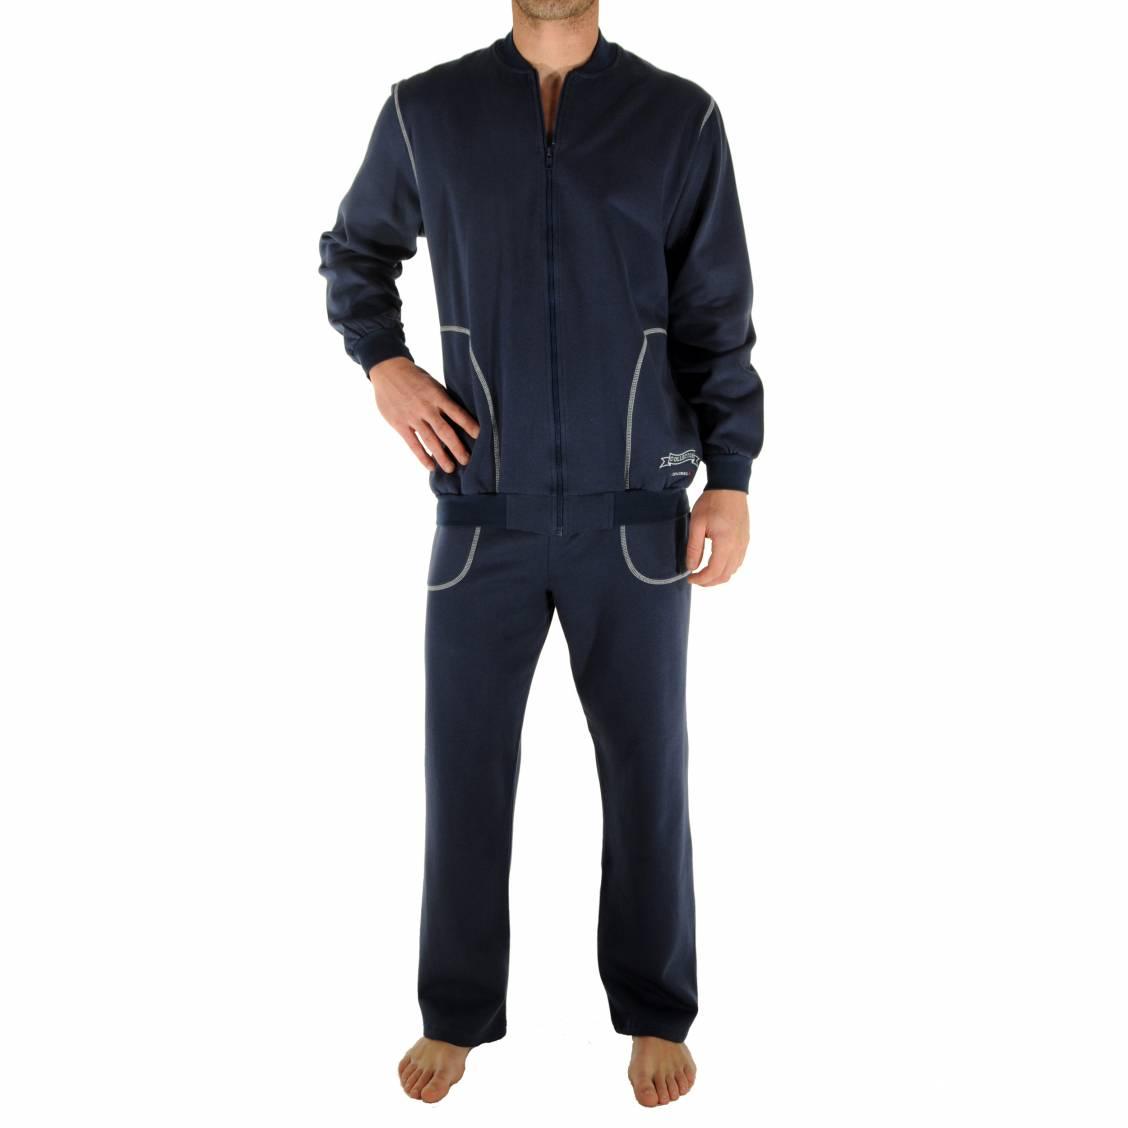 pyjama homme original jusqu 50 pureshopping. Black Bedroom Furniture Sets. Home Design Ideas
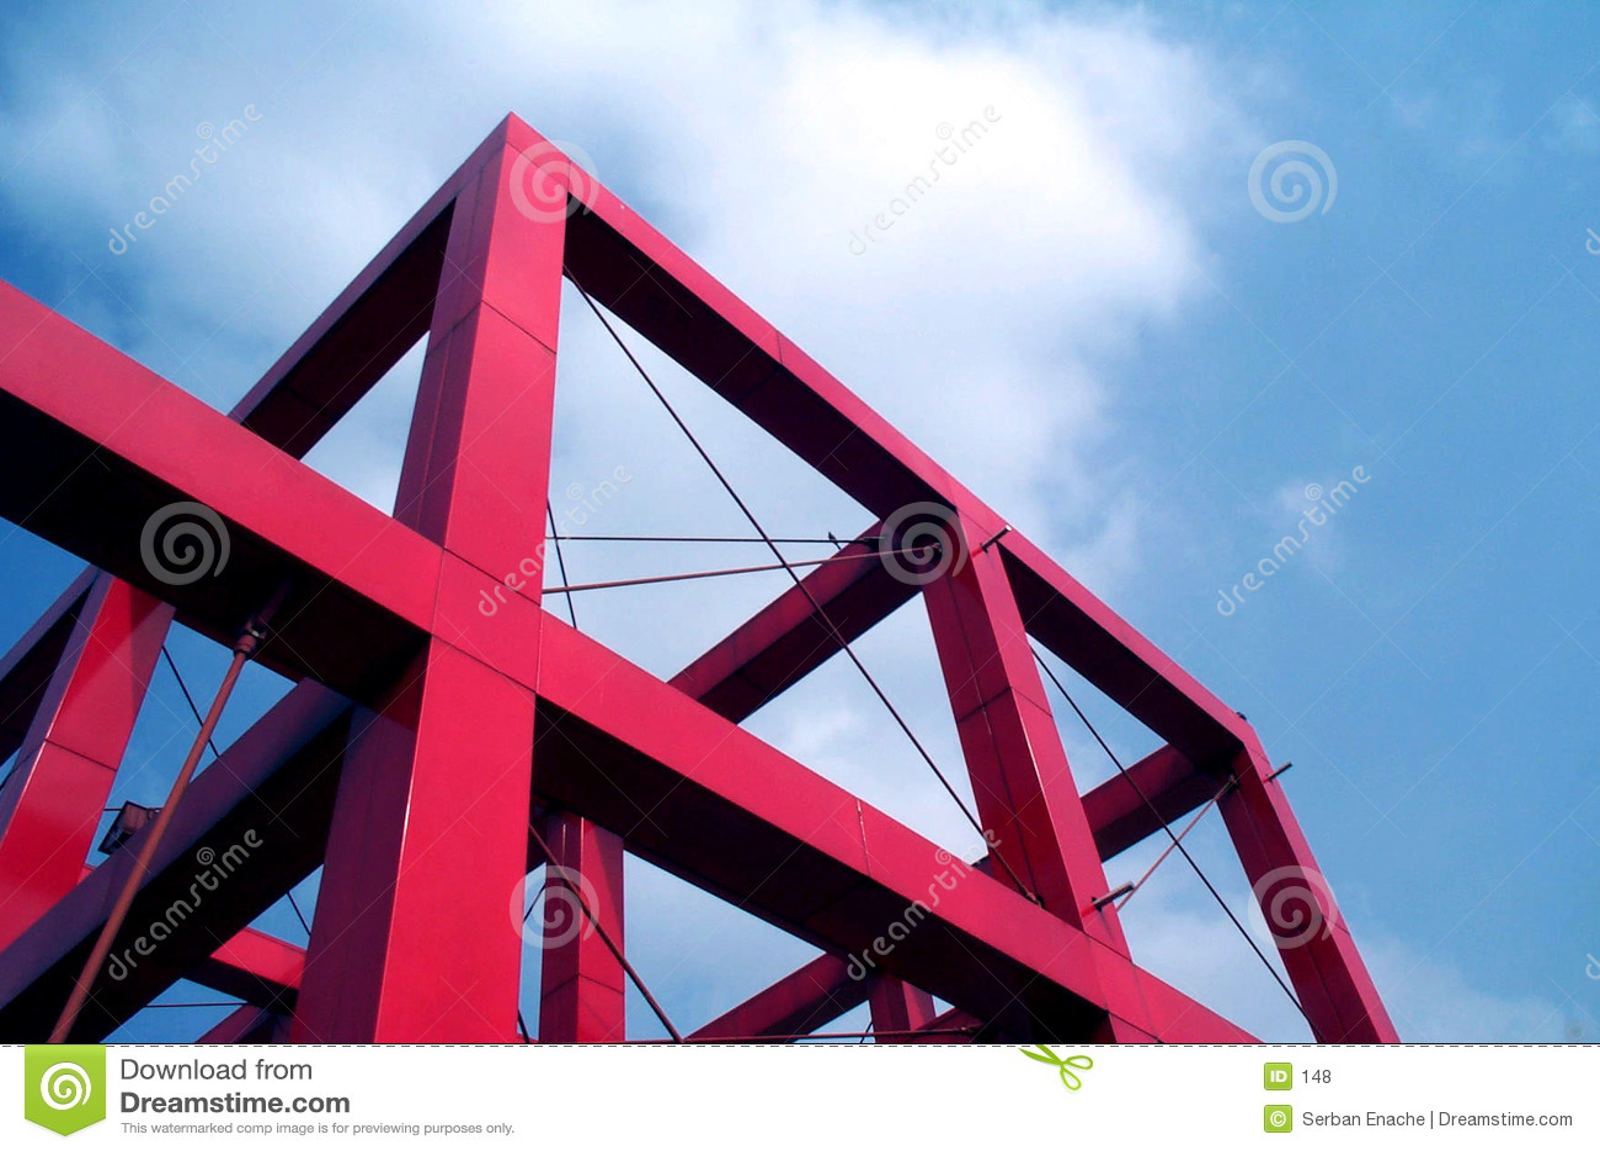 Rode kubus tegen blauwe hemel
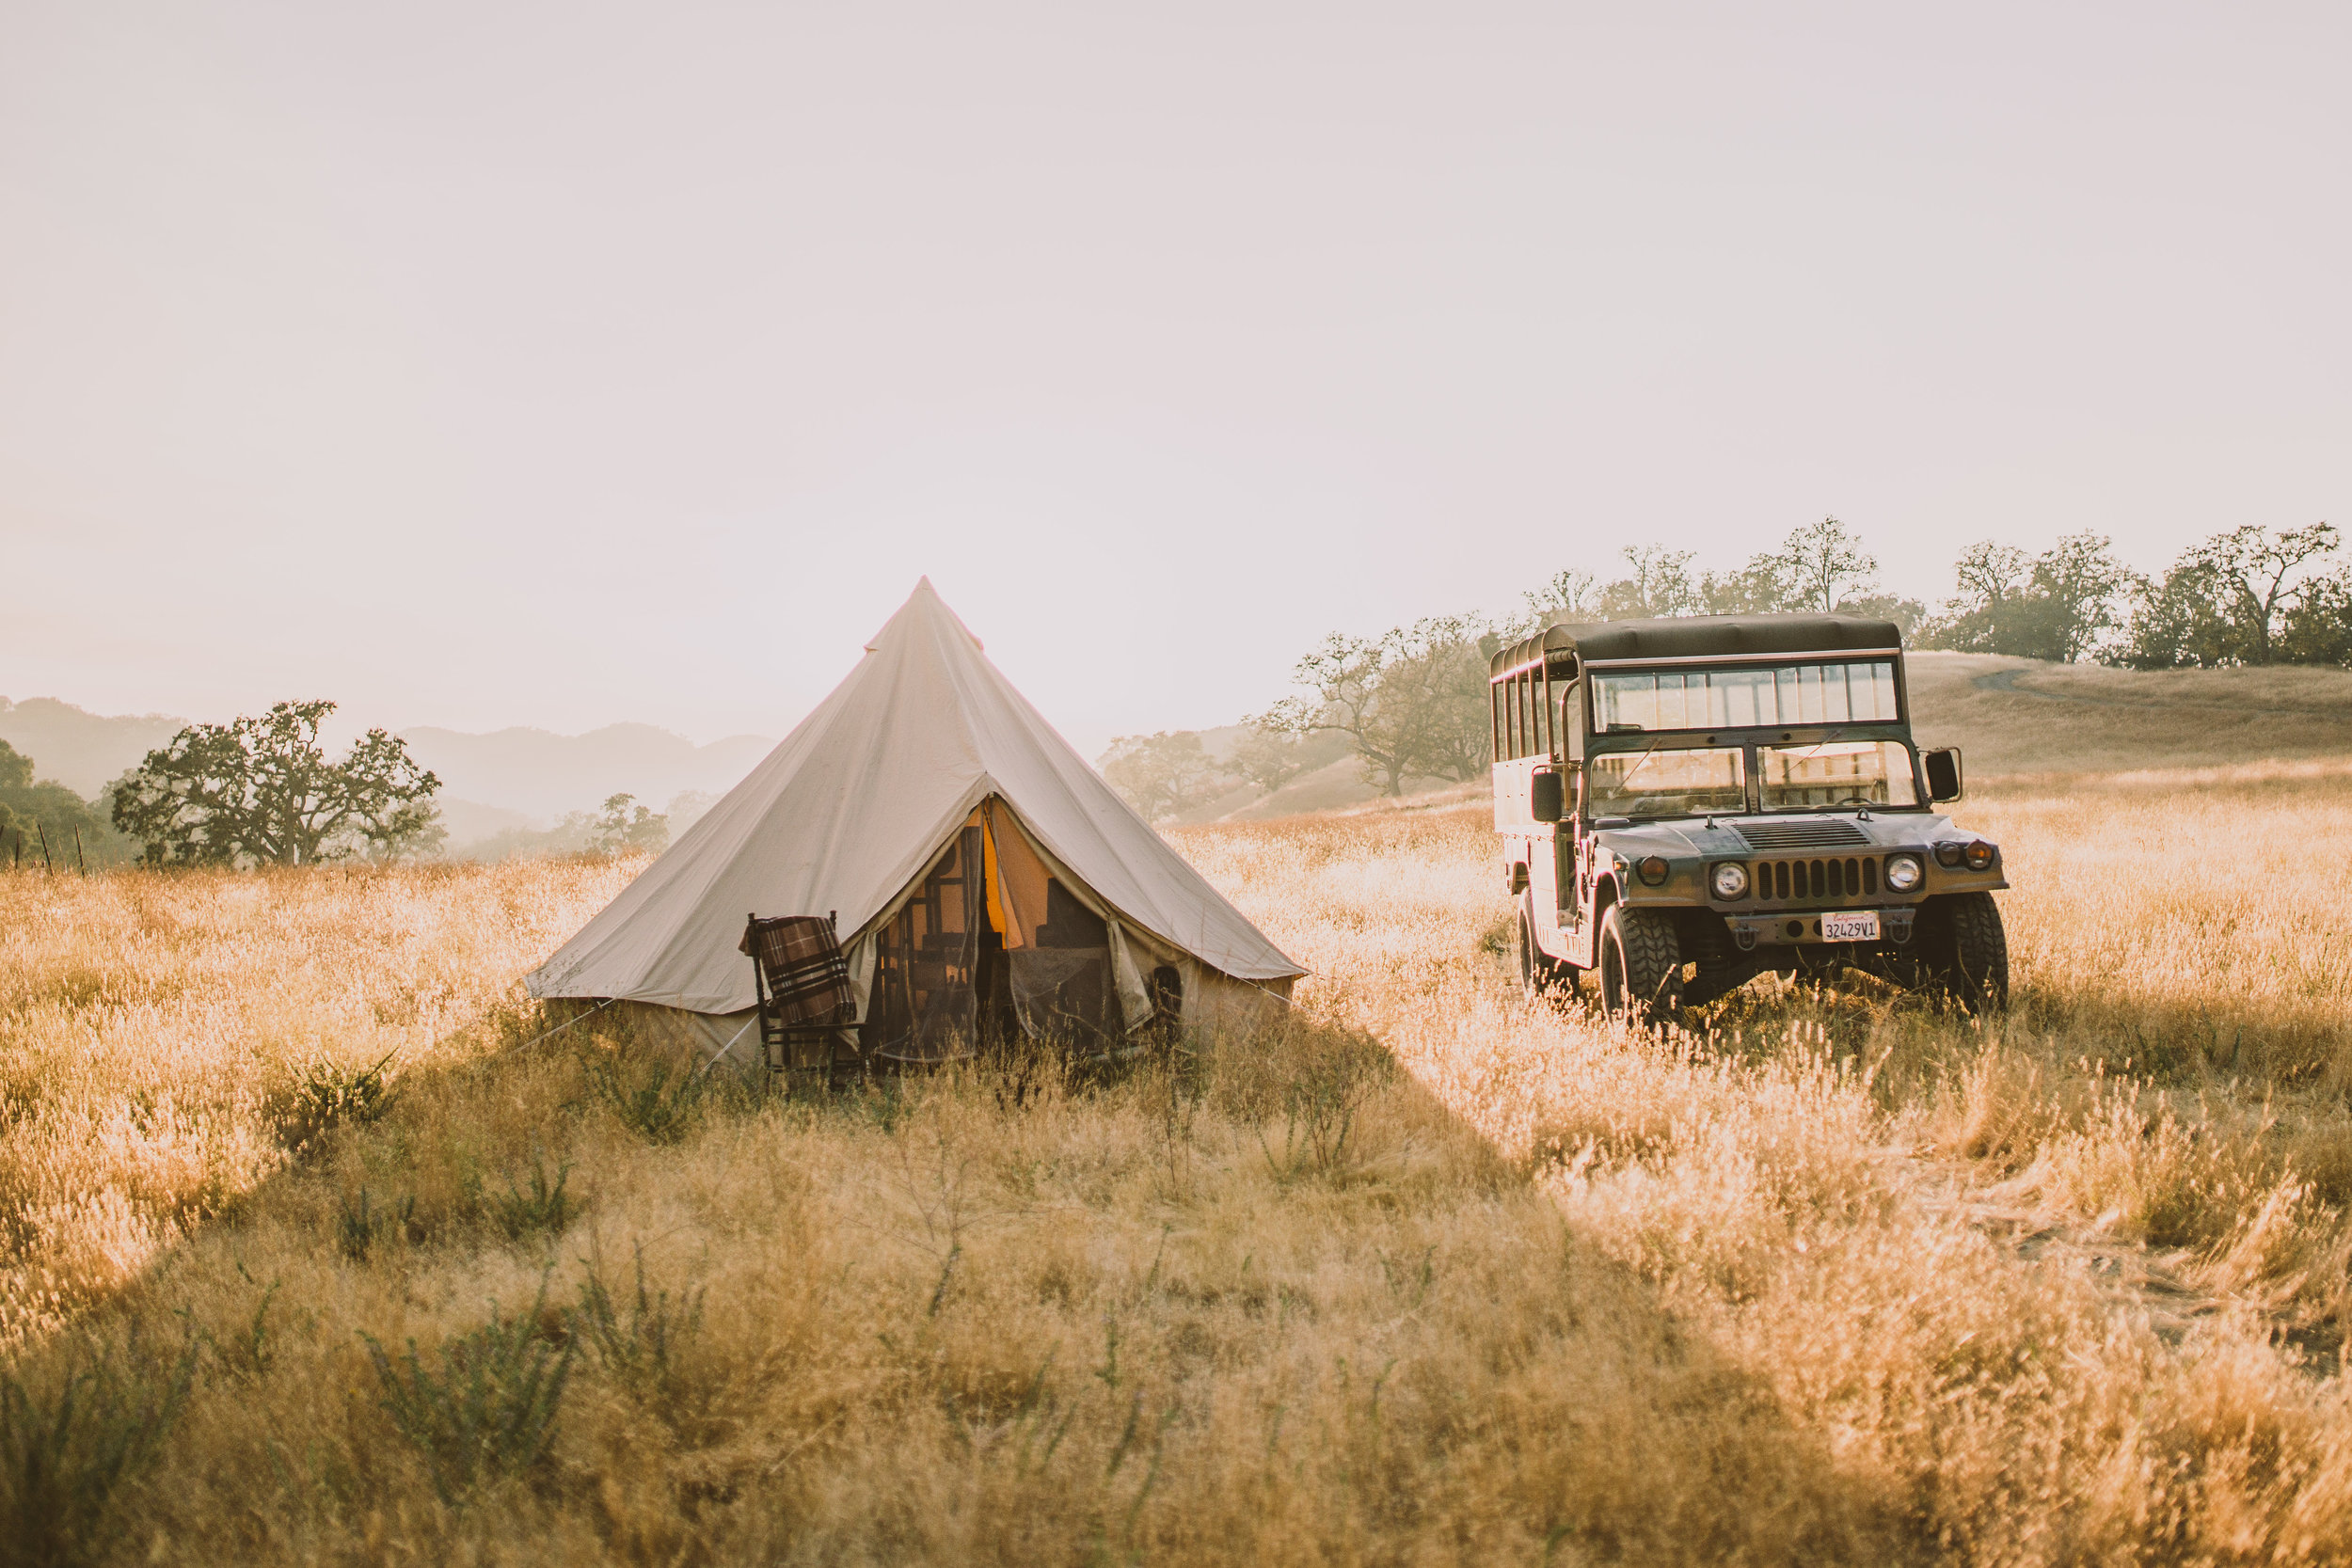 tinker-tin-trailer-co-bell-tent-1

• **What you have to do**:
In the copy, omit the pictures and give every line of the data exactly.

• **Response to the exercise**:
 pyjama homme original jusqu 50 pureshopping. Black Bedroom Furniture Sets. Home Design Ideas
 Rode kubus tegen blauwe hemel
 tinker-tin-trailer-co-bell-tent-1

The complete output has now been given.